As you ramble on foot around town, be on the lookout for waving wooden bears, the Cheshire Cat in the window of the Through the Looking Glass Cafe, giant water turbines, the Mauch Chunk museum (which was not open when I was there — drat), the Mauch Chunk Opera, the Jail Tour, and angels in windows. Be respectful when you visit and wander the streets; residential homes are interspersed between bars, cafes, and tourist attractions; don’t be the guy who yaps loudly on his iPhone at 12 am outside someone’s home.

The tourists are part of any tourist town experience. Many tourists dress in bright primary-color uniforms that seem to be the only color available for weekend bicyclists and rafters. Add to that the similar palette of their bikes & rafts, and the whole town seems to be a swirl of brightly colored plastic particles. Maybe like a cheap kaleidoscope or if you spun around in the laundry detergent aisle at Walmart. I think Agnès Varda called it the “plastic colors of summer”.

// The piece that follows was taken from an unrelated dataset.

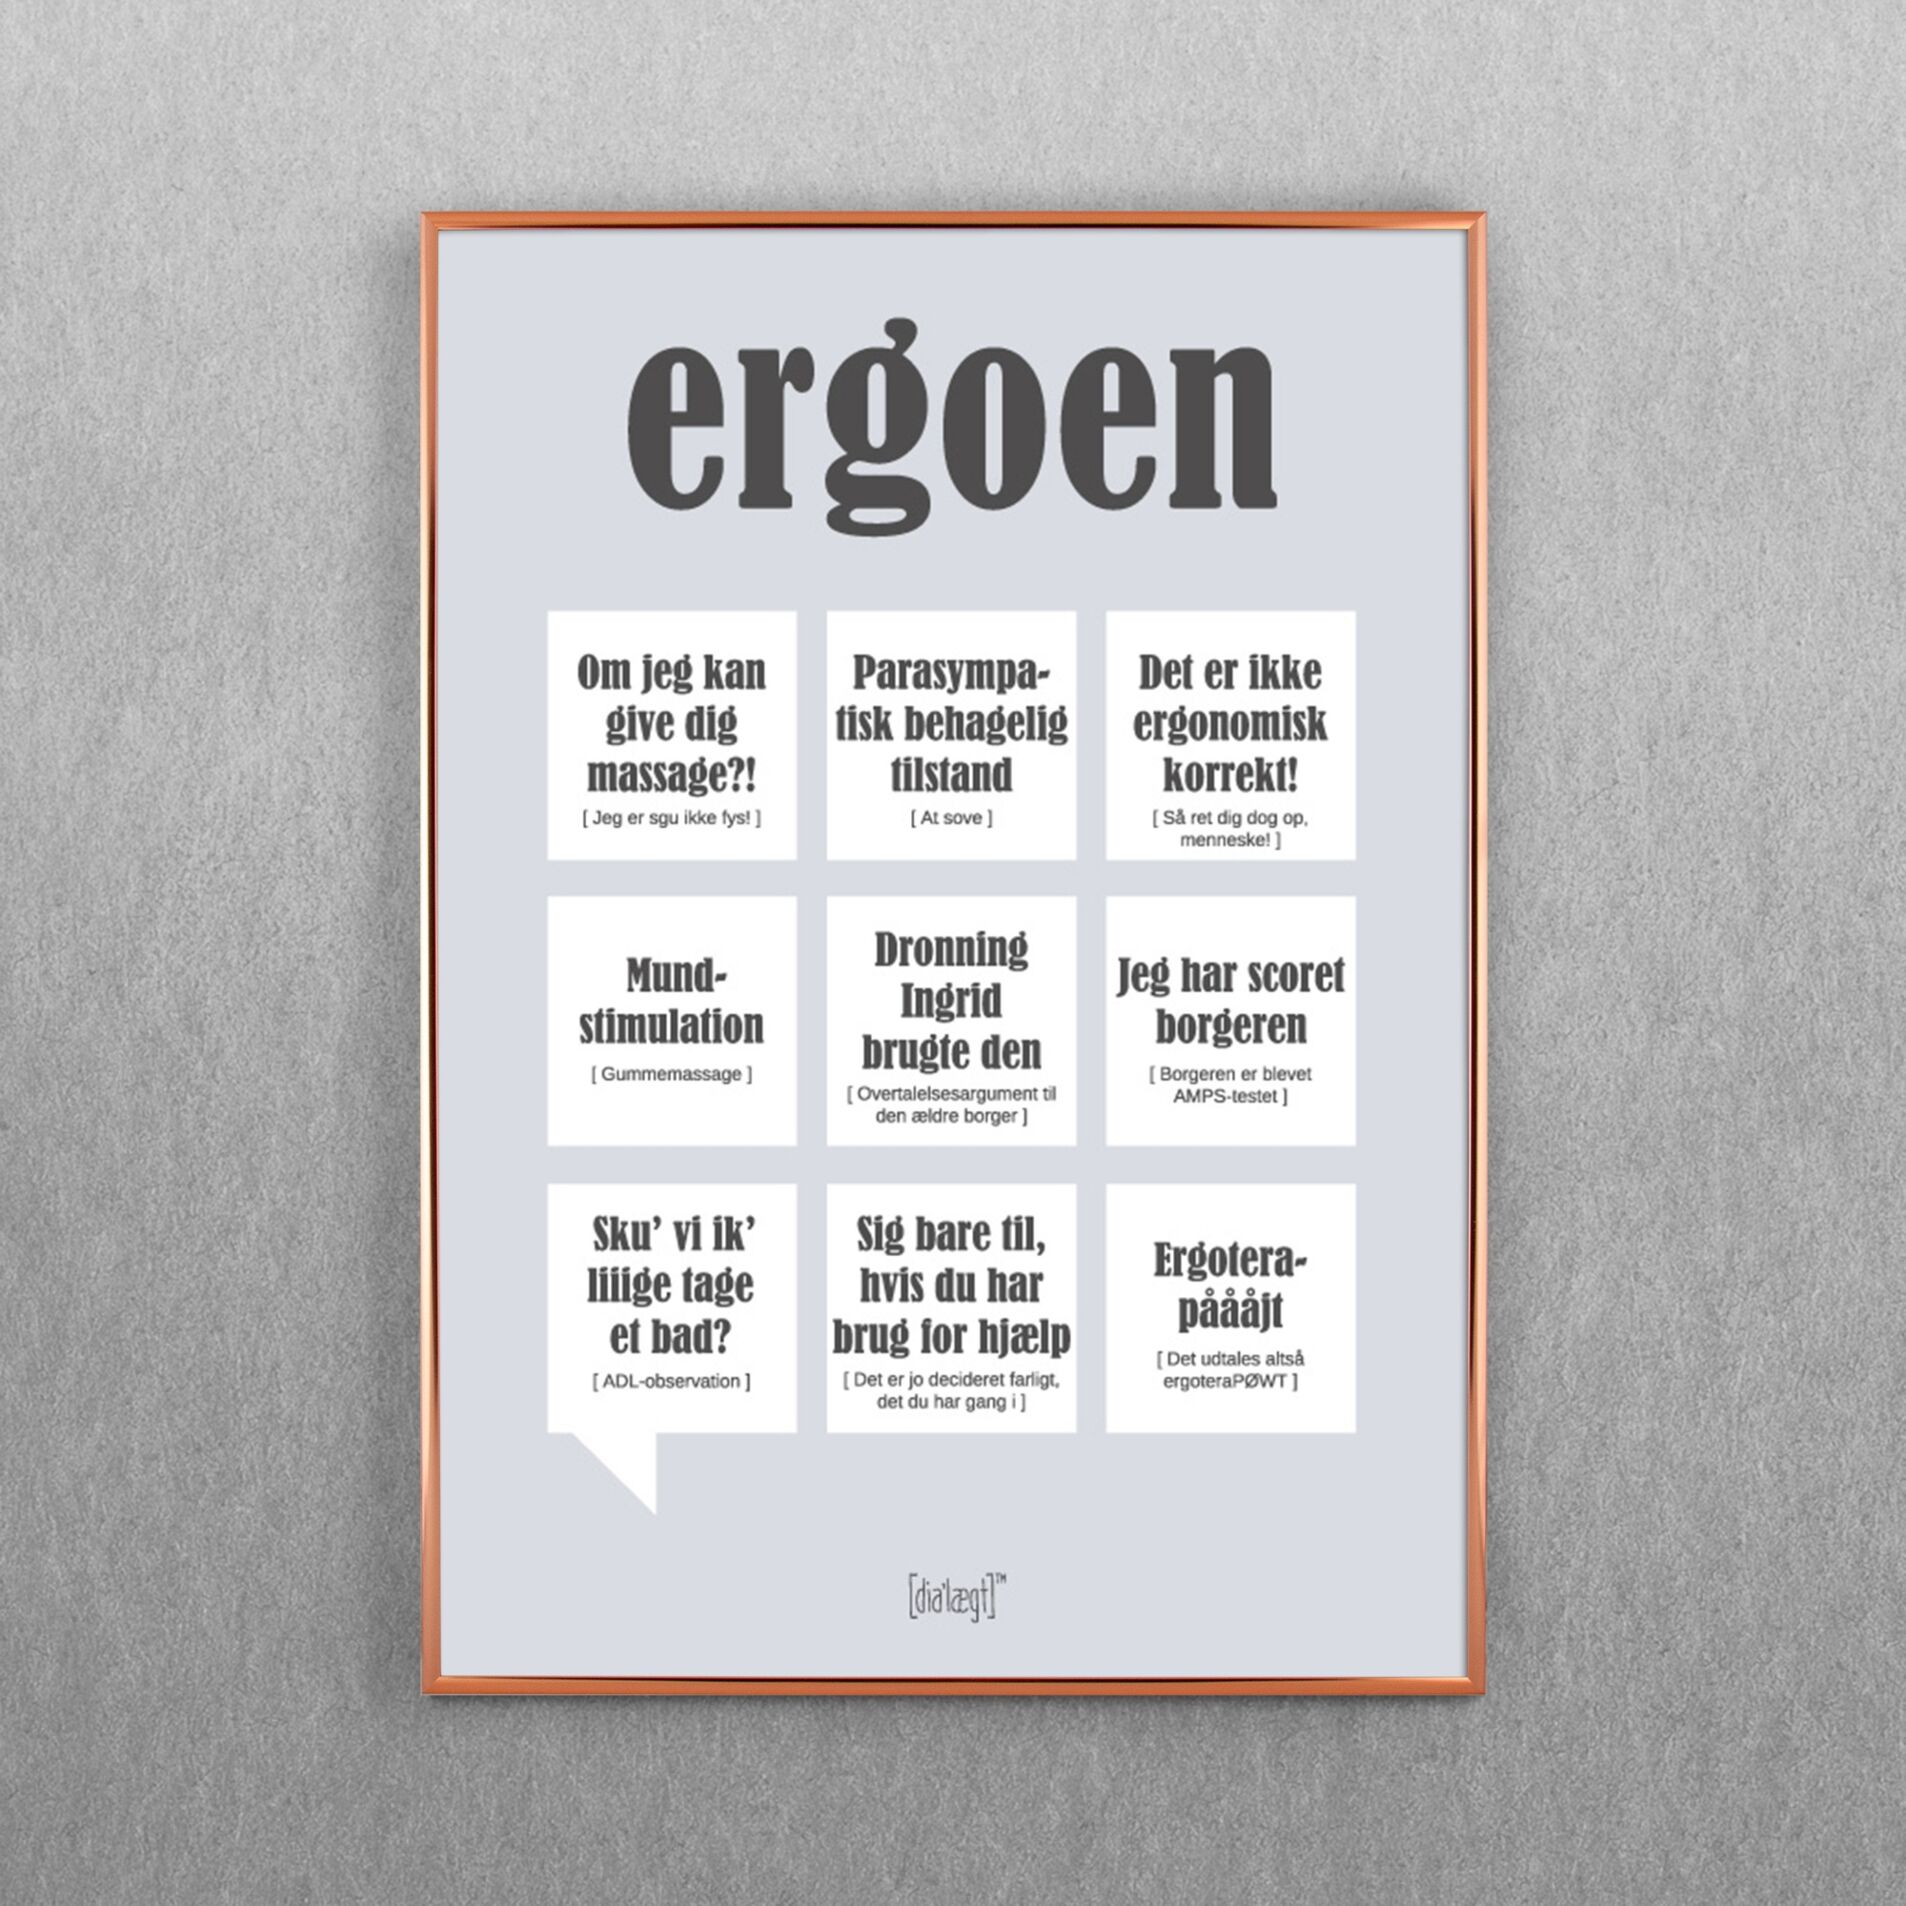 Ergoen - Humoristisk og stilren plakatdesign til

Downtown is generally well-paved and friendly enough for those with soft hands, but just outside of downtown, roads become single-lane rock n’ roll rim busters with more craters than Verdun France. Amusing hyperbole aside, my GPS loves to take me down such roads, and then the challenge becomes balancing my desire not to die with my passion for sharing every interesting exhibition of Americana on Instagram. The struggle is real, but the rewards are rich. Adrenaline for now; memories to last a lifetime (maybe, or a few months, depending).

For instance, check out this gem. It looks like the set of American Pickers:
It looks like the set of American Pickers

That’s about it on Jim Thorpe, PA. If you’re into nature, physical activity, uncharacteristically interesting American architecture, and Americana-like waving bears, Jim Thorpe is worth the trip.

One last shot. The local drive-in. Cool.